## Given data
===

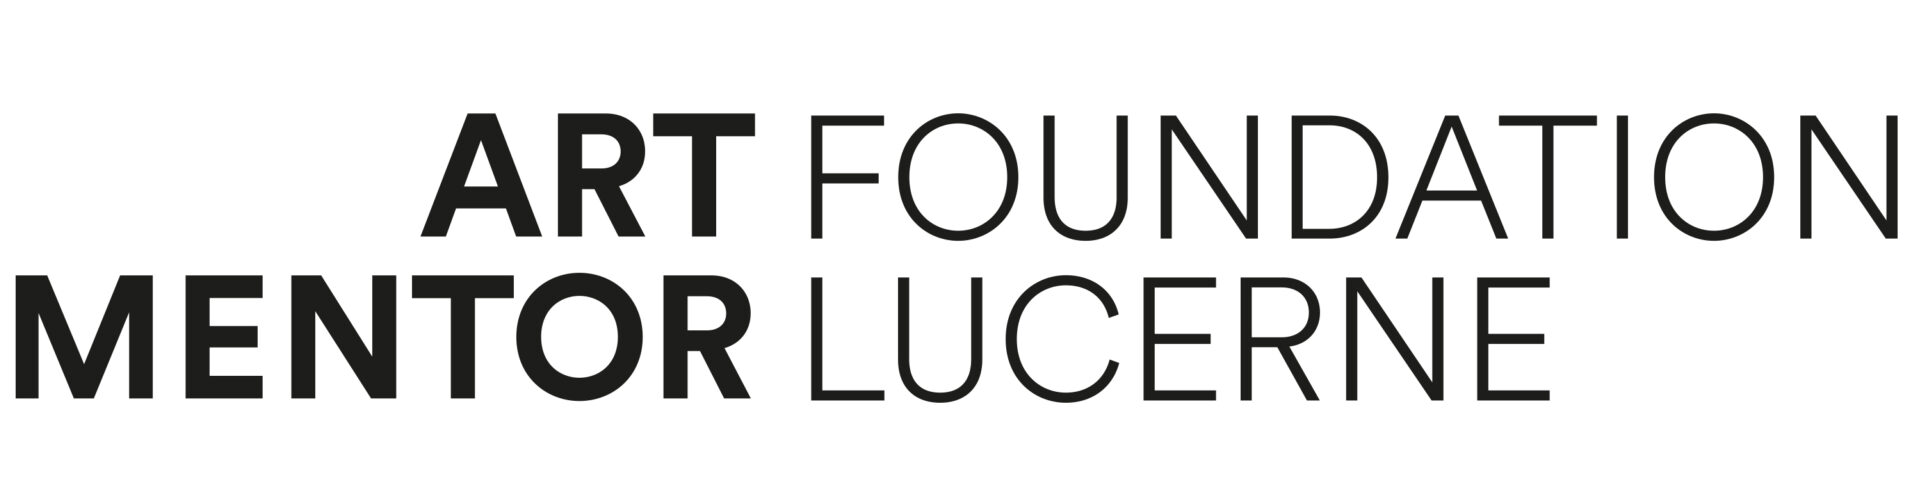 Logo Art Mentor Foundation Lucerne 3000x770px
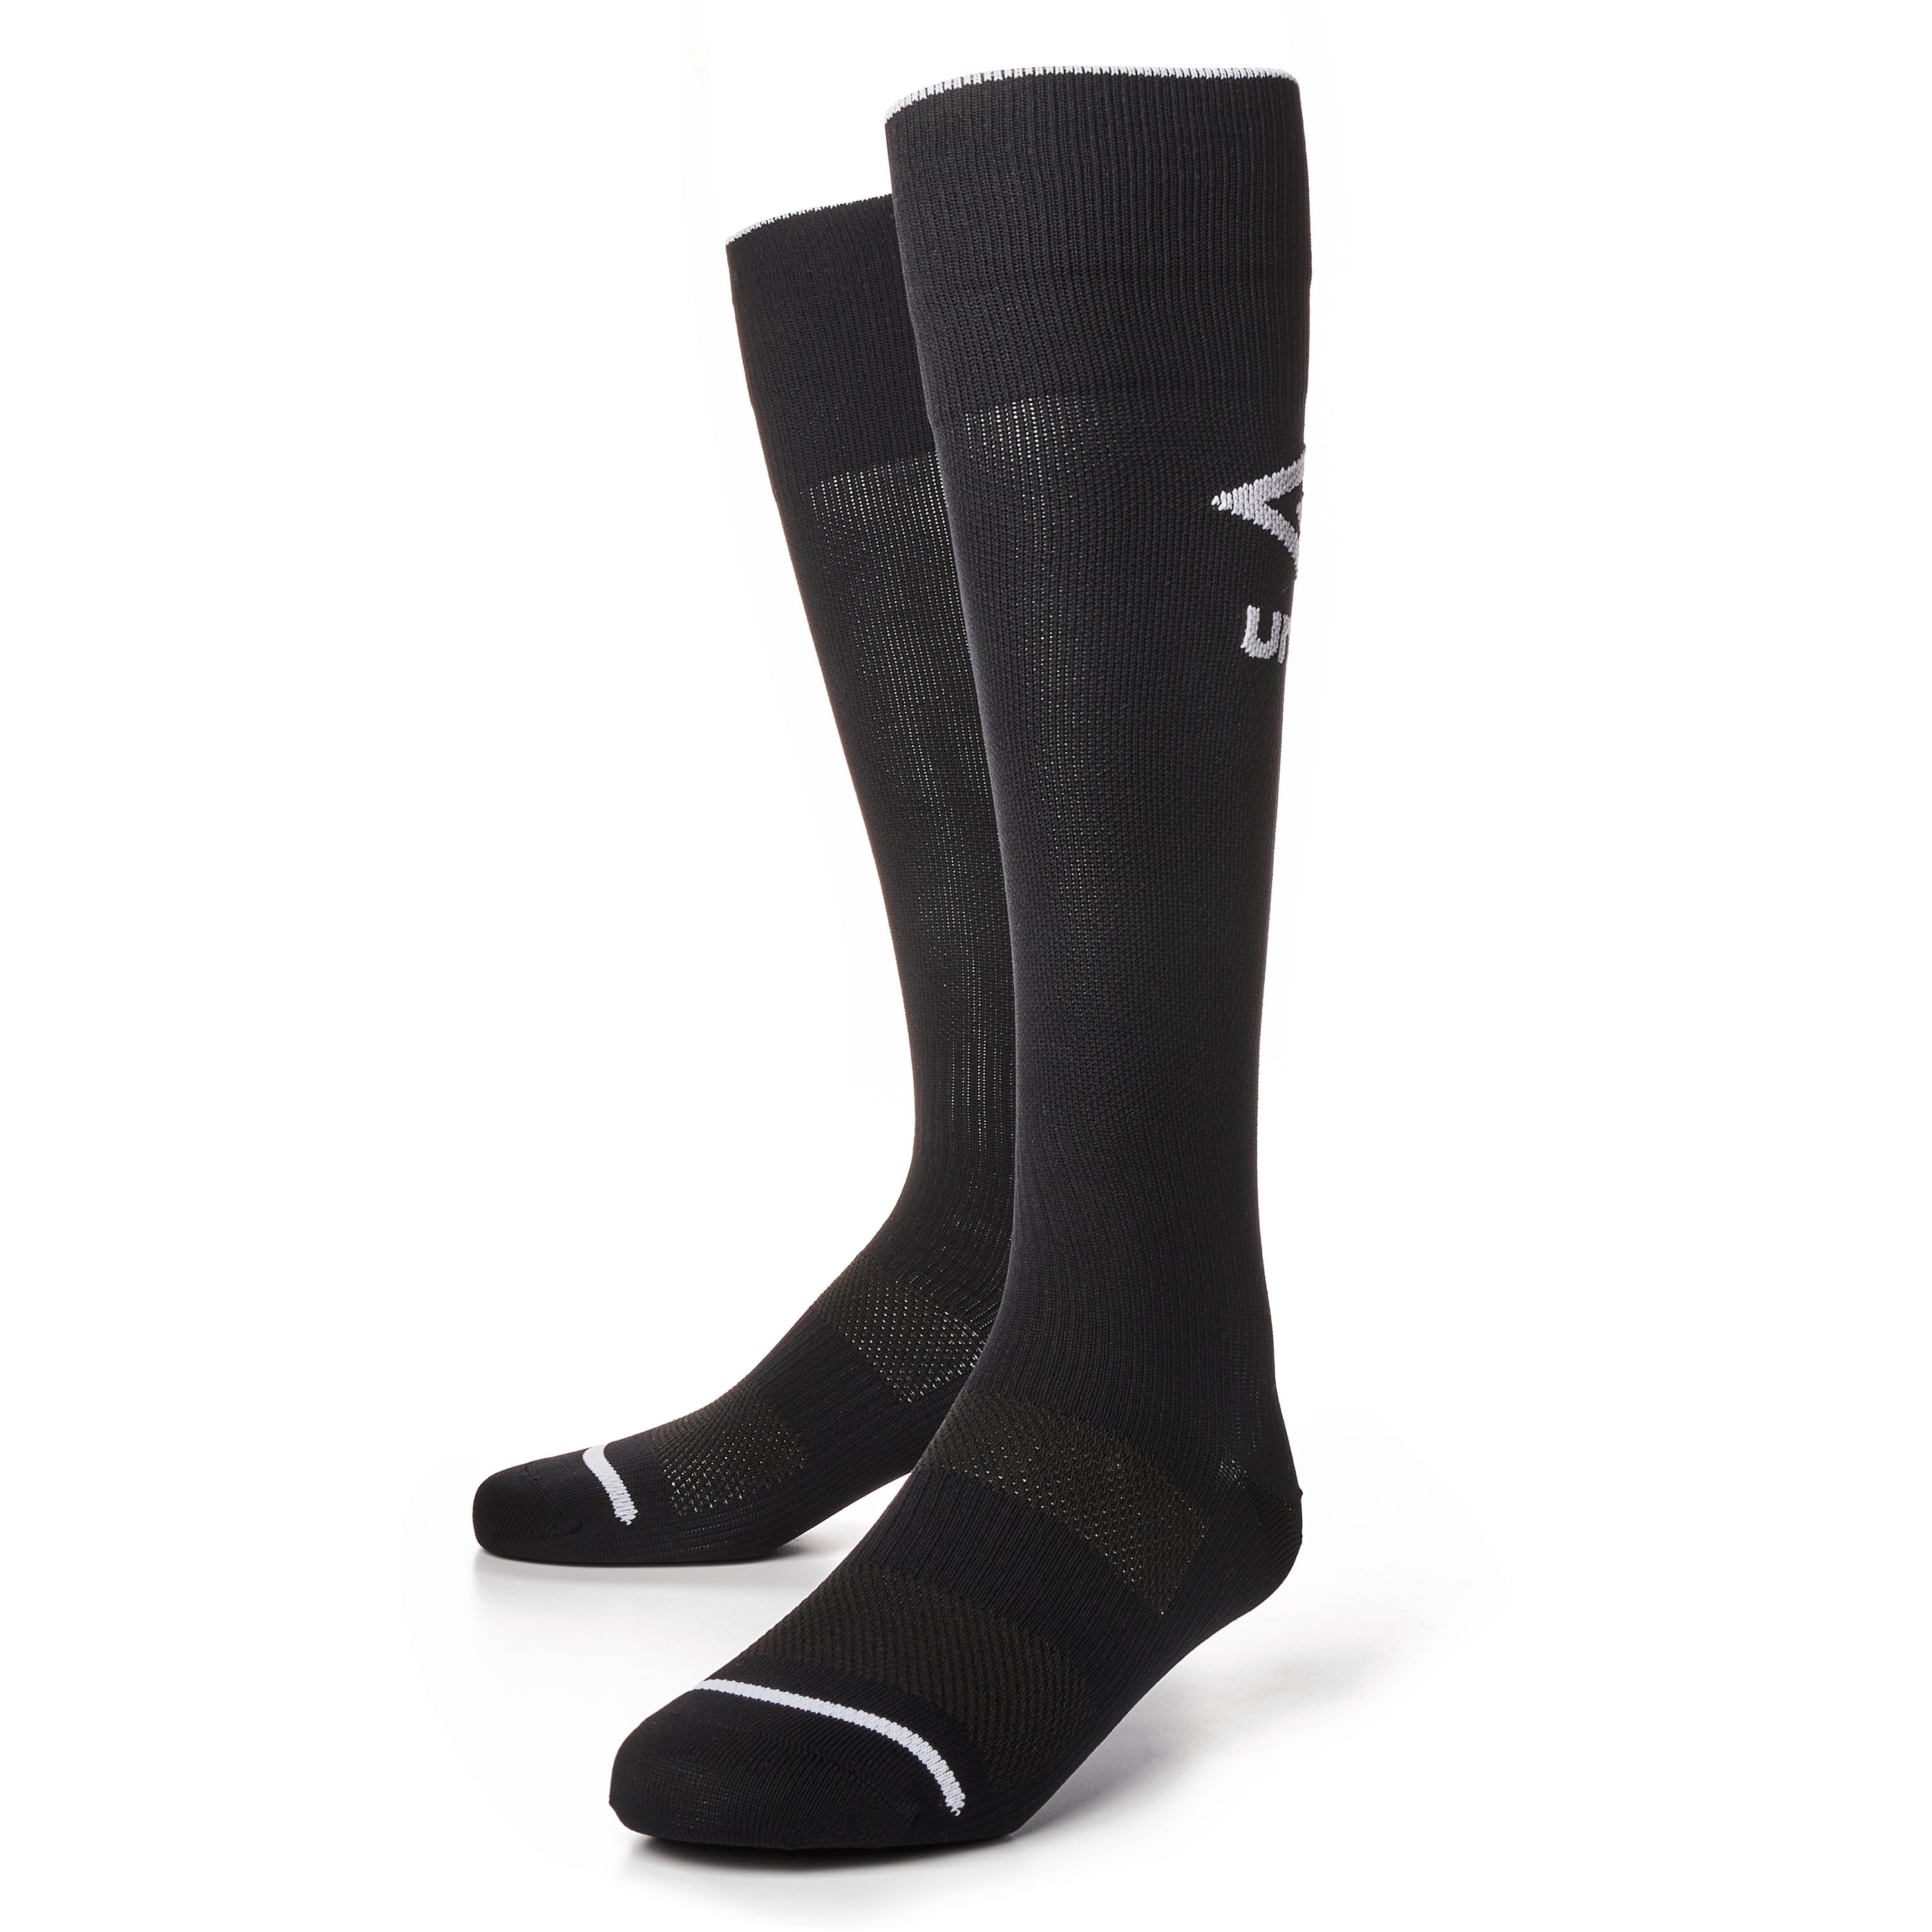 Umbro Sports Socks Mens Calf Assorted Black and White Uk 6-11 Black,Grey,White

===

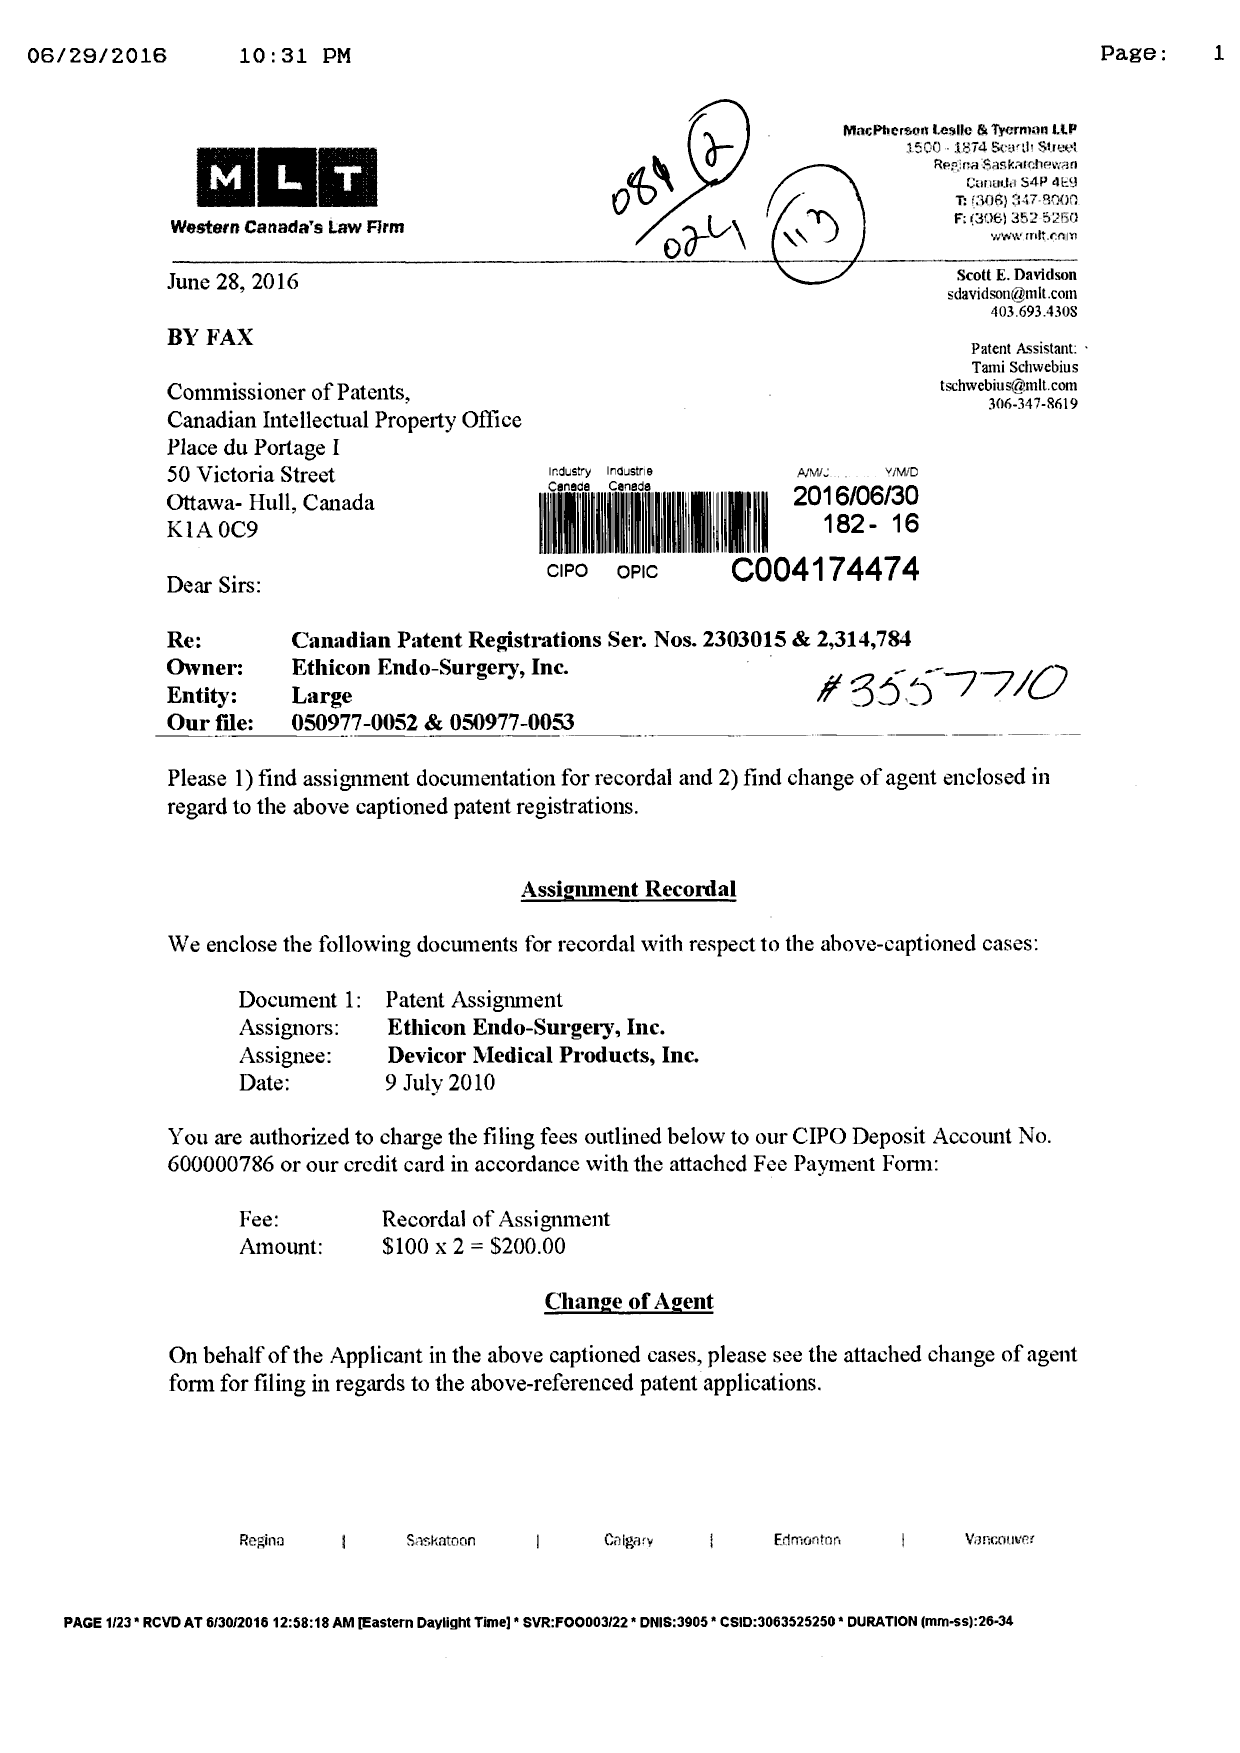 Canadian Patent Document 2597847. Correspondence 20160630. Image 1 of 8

===

## Work item
Print everything from the line with "Logo Art Mentor" down to the line with "Umbro Sports Socks" in the entries above, both lines included and nothing more, without the pictures.

## Your solution
 Logo Art Mentor Foundation Lucerne 3000x770px
 Umbro Sports Socks Mens Calf Assorted Black and White Uk 6-11 Black,Grey,White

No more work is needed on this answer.